Гога сунул мобилу в нагрудный карман рубашки, машинально вытер рукавом рубашки потное лицо и придвинулся к дверце. Искоса наблюдая за ним, Стас про себя подумал, что Гога применять оружие боится, а он не трус. Да просто никому из них не приходилось стрелять по людям. По сволочам, негодяям, не заслуживающим снисхождения, но… по людям. В этом вся проблема. Однако! Допустим, Крючок и Гога выведут джип из строя, а бандиты? Тоже будут по колесам стрелять или в лобешники пули влепят? Ммм…. страшновато.
Шатунов чувствовал, как от напряжения весь взмок, как заструилось по вискам, поползло по шее вниз, как закапало со скул на пол. А губы пересохли. Он не сводил глаз с Марина, а тот не смотрел на Шатунова, облокотился плечом о стену, утер нос тыльной стороной ладони и засунул пистолет во внутренний карман жилета. В общем, весь его вид означал старую истину: чудес не бывает. И надежда тут же умерла без агонии, осталось только посмотреть самому, но не убедиться, а… проститься.
Она лежала на полу у раскрытого окна. Наверное, последней ее мыслью было – выпрыгнуть. И лучше б она это сделала, в крайнем случае, переломала бы ноги, но Шатунов успел бы… Может быть, успел…
Снаружи залетал в комнату ветерок, и воздушная занавеска, словно играючи, надувалась, закрывая Ксению, а потом открывала ее, прилипая к окну… Воздух, ночной дух свежести и бодрости, густой и пропитанный сельскими ароматами, прорывался сквозь тюль, наполняя чудодейственной силой комнату под крышей. Только Ксюше эта сила уже не нужна.
Глаза, темные и блестящие, как перезрелые вишни, смотрели в потолок… Когда прозрачная занавеска закрывала Ксению, они казались живыми и счастливыми, как у невесты под фатой, но когда открывала – в них отражалась пустота, адская пустота с безразличием.

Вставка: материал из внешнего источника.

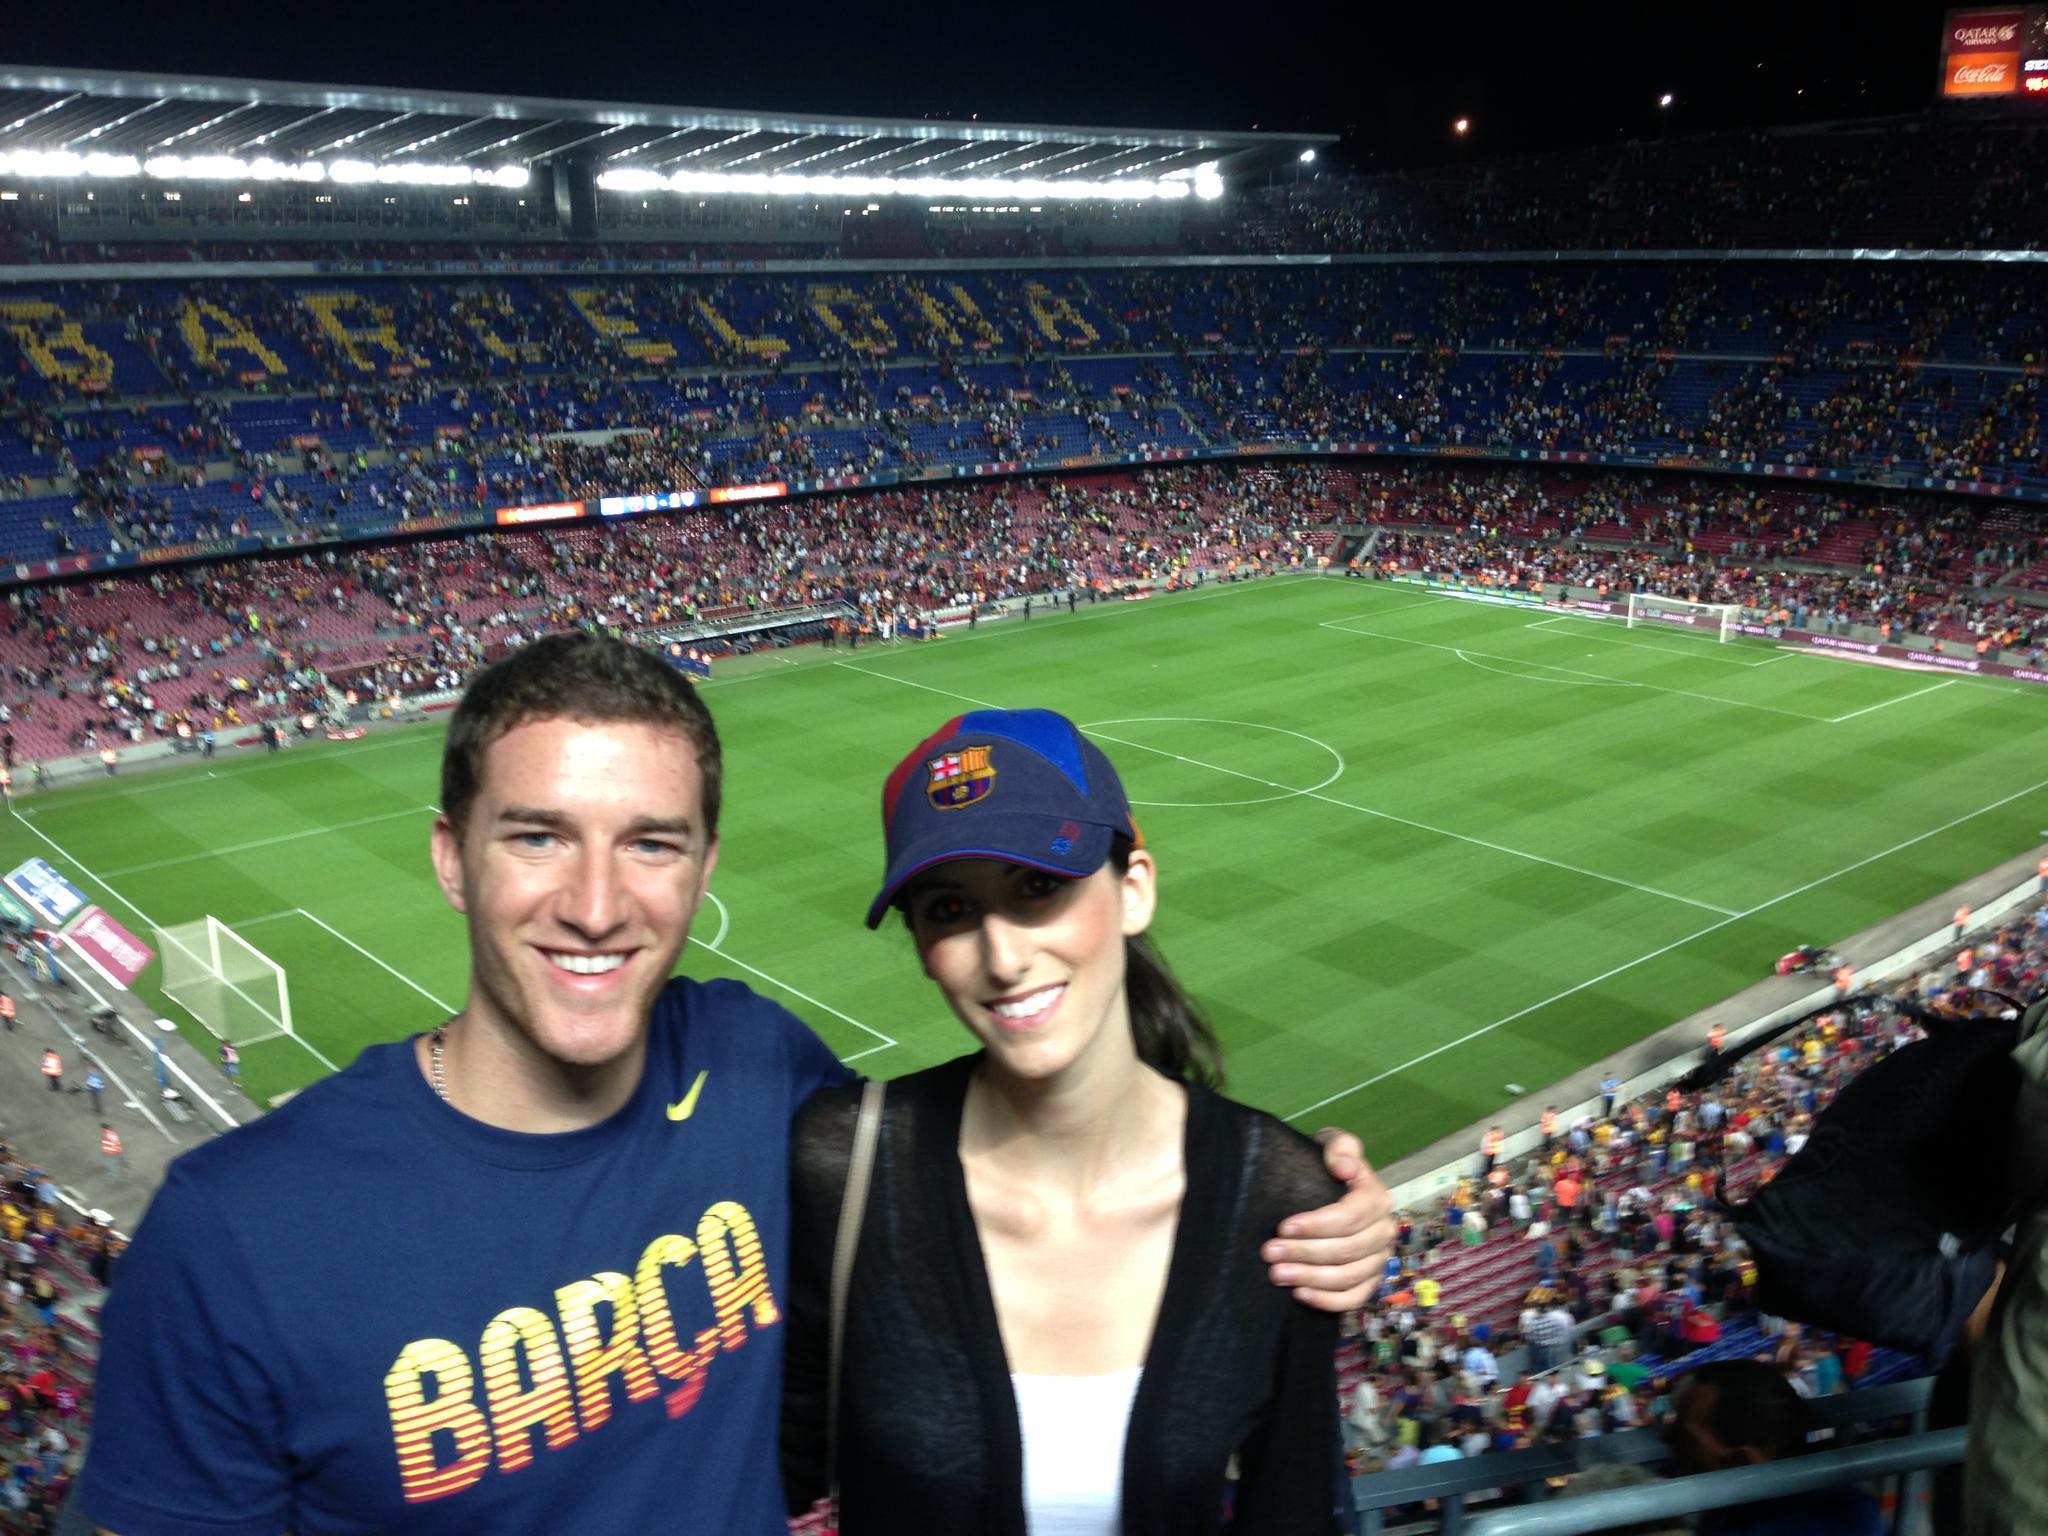 FC Barcelona match at Camp Nou - Barcelona, Spain

Рядом с ней валялся пистолет, две пустые обоймы и гильзы, много гильз. Отстреливалась она, что называется, до последнего. Сотовый телефон находился тут же, у ног Ксении. А бутылка коньяка нисколько не пострадала, она возвышалась возле босых ступней, рядом лежала пробка… И кровь, кровь на халатике из желтого атласа, на стене, на щеке, шее…
О, сколько ненужного хранит наша память и в самые неподходящие минуты возвращает нас назад. Шатунову вспомнилось, как давным-давно училка на уроке рисования объясняла как смешивать краски, у него это дело не получалось, с рисованием он не дружил. А она терпеливо долбила: «У тебя оттенки грязные. Красный с желтым не смешивай, эти цвета дают коричневую грязь. Но без оттенков рисунок будет плоский, грубый…»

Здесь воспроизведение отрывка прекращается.